I don't buy it on the following grounds.

1) Quantum fluctuations which pop in and out of existence are (if we go with the mainstream thought) borrowing and paying back energy from some finite well of total energy. I say its finite because why would there be a need for payback if energy is available in limitless quantities? That makes no sense, at least to me.

2) And if the other universes are based on a quantum mechanical framework as is ours and there can be universes(realities) with no observers able to reproduce, then that would make nature very wasteful of energy resrources.
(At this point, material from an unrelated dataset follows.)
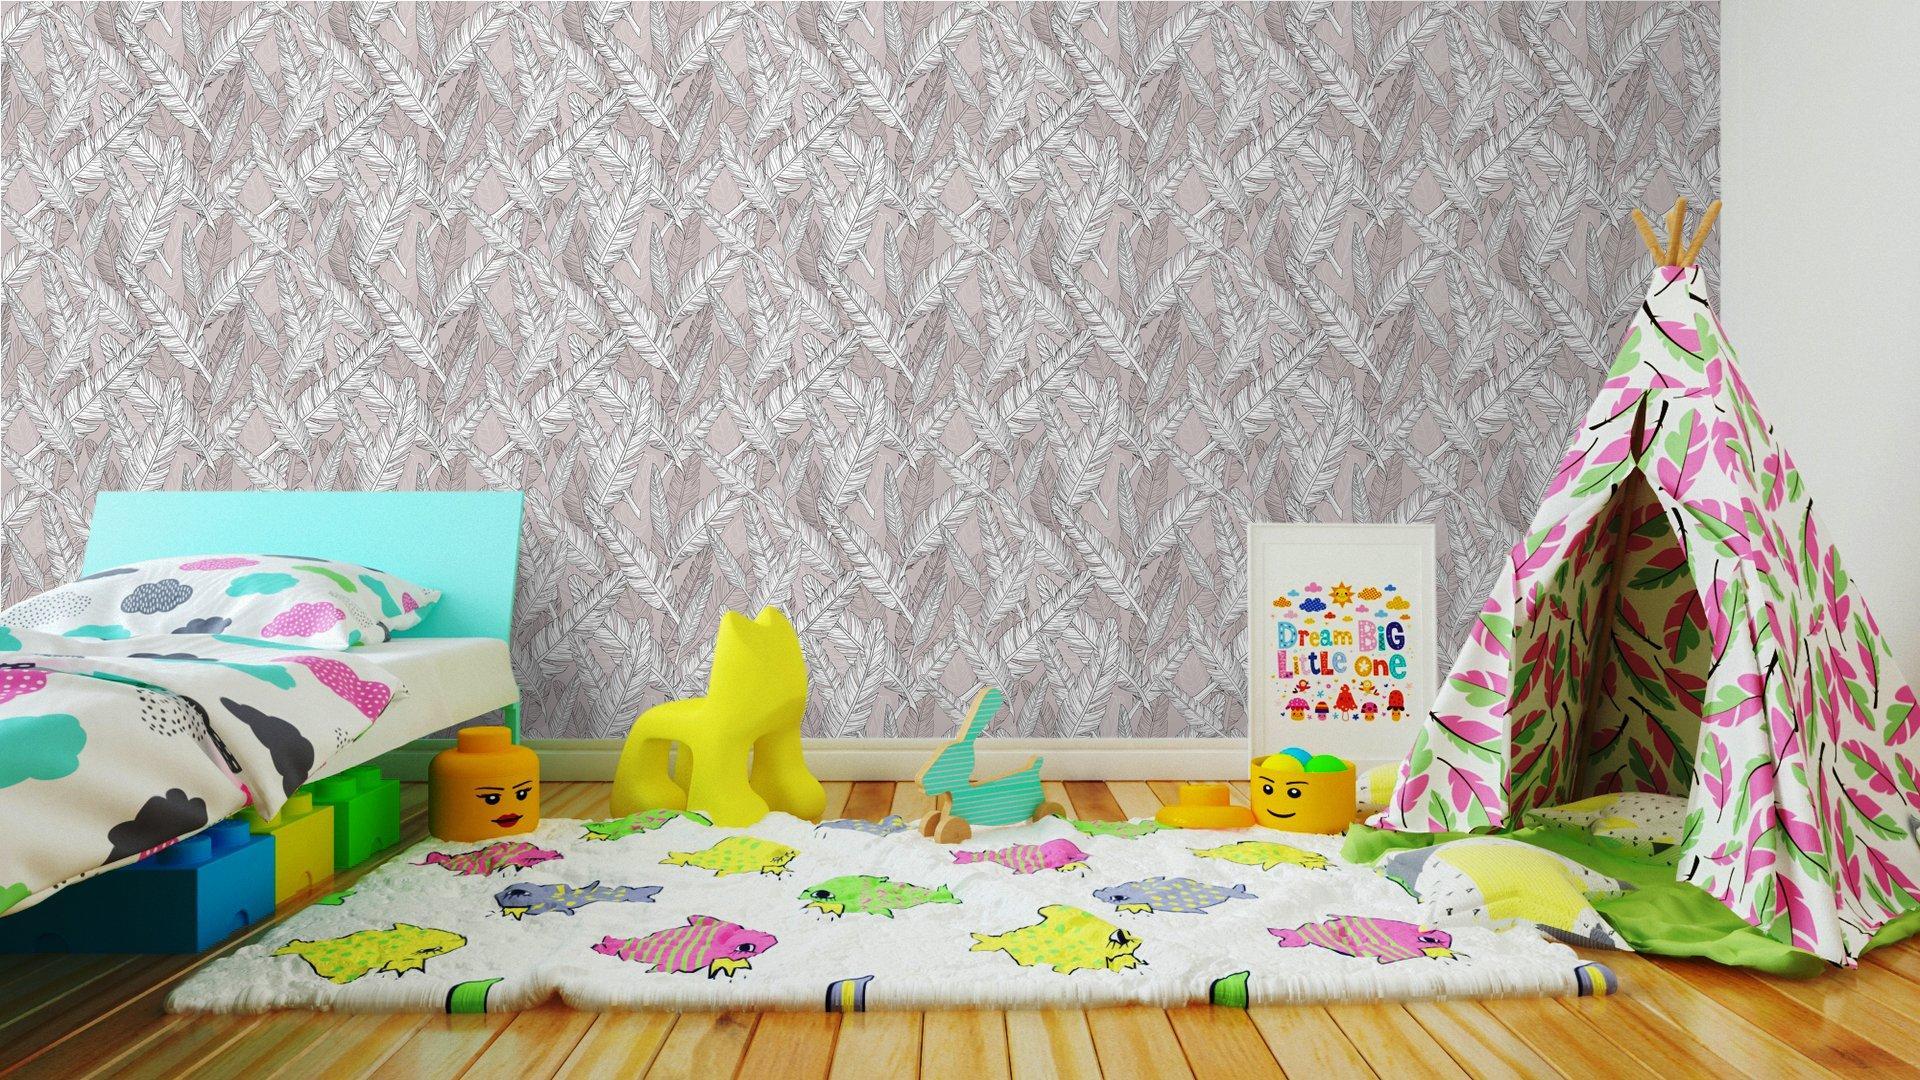 Fotomurales mexico papeles pintados patron de plumas abstract patron sin fisuras 7 - Papel Tapiz Abstracto con Patrón de Plumas 01

So that would contradict with the laws of conservation we observe in nature at least in our own universe.

Of course that's assuming that all universes in the multi-verse emanated from the same forces of nature. hence they should follow the same basic principles of energy conservation.

That has nothing to do with it. I don't think you know how evolution and natural selection work.

Random mutations happen. A ton of them. And then selective pressures decide whether those traits survive. Out of all those random mutations at least some will be beneficial. Like a mutation that makes a cheetah run a little faster. That cheetah survives and passes on that trait. The gene pool fills up with faster cheetahs because they are better at hunting and passing on their genes. The same thing with reproduction. Why does sex feel good? It started as a random mutation. It stuck because it is beneficial to survival.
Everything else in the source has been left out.